ここも非常に大きい部分です。日本企業は、「信頼関係ができてから契約」という感覚があります。

しかし海外では、“契約で関係を整理する”感覚が強い。


つまり、・責任範囲・条件・支払い・納期・トラブル時対応を最初に明確化したがります。

日本側は、「まだ細かく決めなくても…」と思うことがありますが、海外側は逆です。


“曖昧なほうが危険”という感覚があります。

「言わなくても分かる」は通じにくい日本企業同士では、・空気感・前例・暗黙知

で進むことがあります。


しかし海外では、言語化されていないことは、存在しないぐらいの感覚があります。

つまり、・何を・いつまでに・どこまで・誰がを明確にしないとズレやすい。


ここで日本企業は、「細かすぎる」と感じることがあります。

でも実際は、“認識ズレを防ぐため”なのです。


海外展開で重要なのは「適応力」

ここで誤解してはいけないのは、海外が正しく、日本が間違っている

という話ではありません。


日本企業には、・品質・誠実さ・安定性・細やかさという非常に強い武器があります。

ただ、その強みを海外で活かすには、“相手の前提を理解する力”が必要になります。


海外展開は「異文化理解」に近い

海外営業を続けていると感じます。

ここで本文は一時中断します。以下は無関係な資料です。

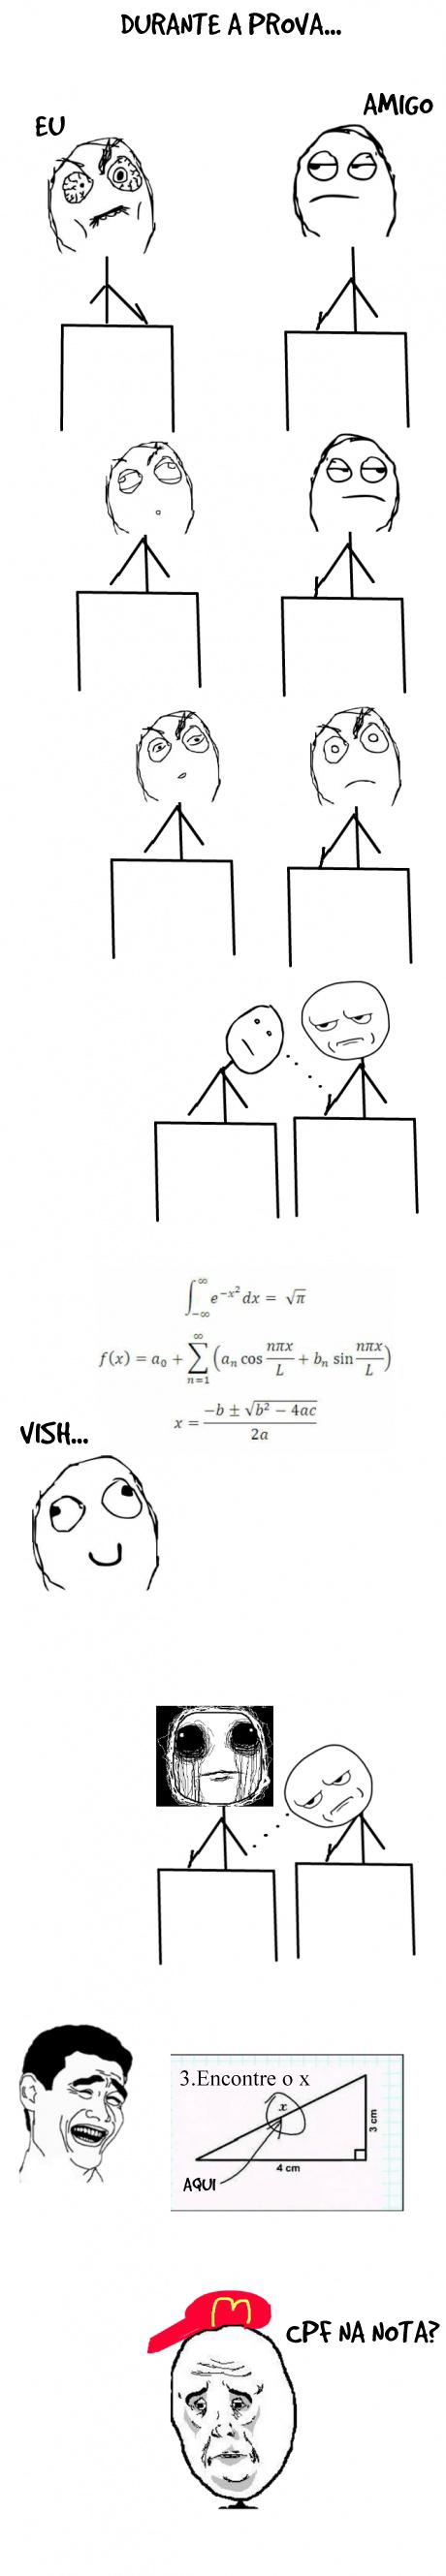 Durante a Prova...

これは単なる輸出ではなく、

“異文化コミュニケーション”です。


・なぜその判断をするのか・なぜ急ぐのか・なぜ契約を重視するのか

そこを理解すると、見える景色が変わります。


逆に、

「日本では普通なのに」だけで進めると、かなり苦戦します。


最後に

日本企業が海外展開で最初に苦戦しやすいのは、英語そのものではありません。

本当に難しいのは、“前提の違い”です。


文化。レスポンス感覚。契約感覚。意思決定。コミュニケーション。

これらは国によってかなり違います。


だからこそ海外展開では、「正しい日本語を英語に訳す力」

以上に、“相手の感覚を理解する力”が重要になります。


海外ビジネスは、単なる販路拡大ではない。

ある意味、“自分たちの常識を見直す経験”なのかもしれません。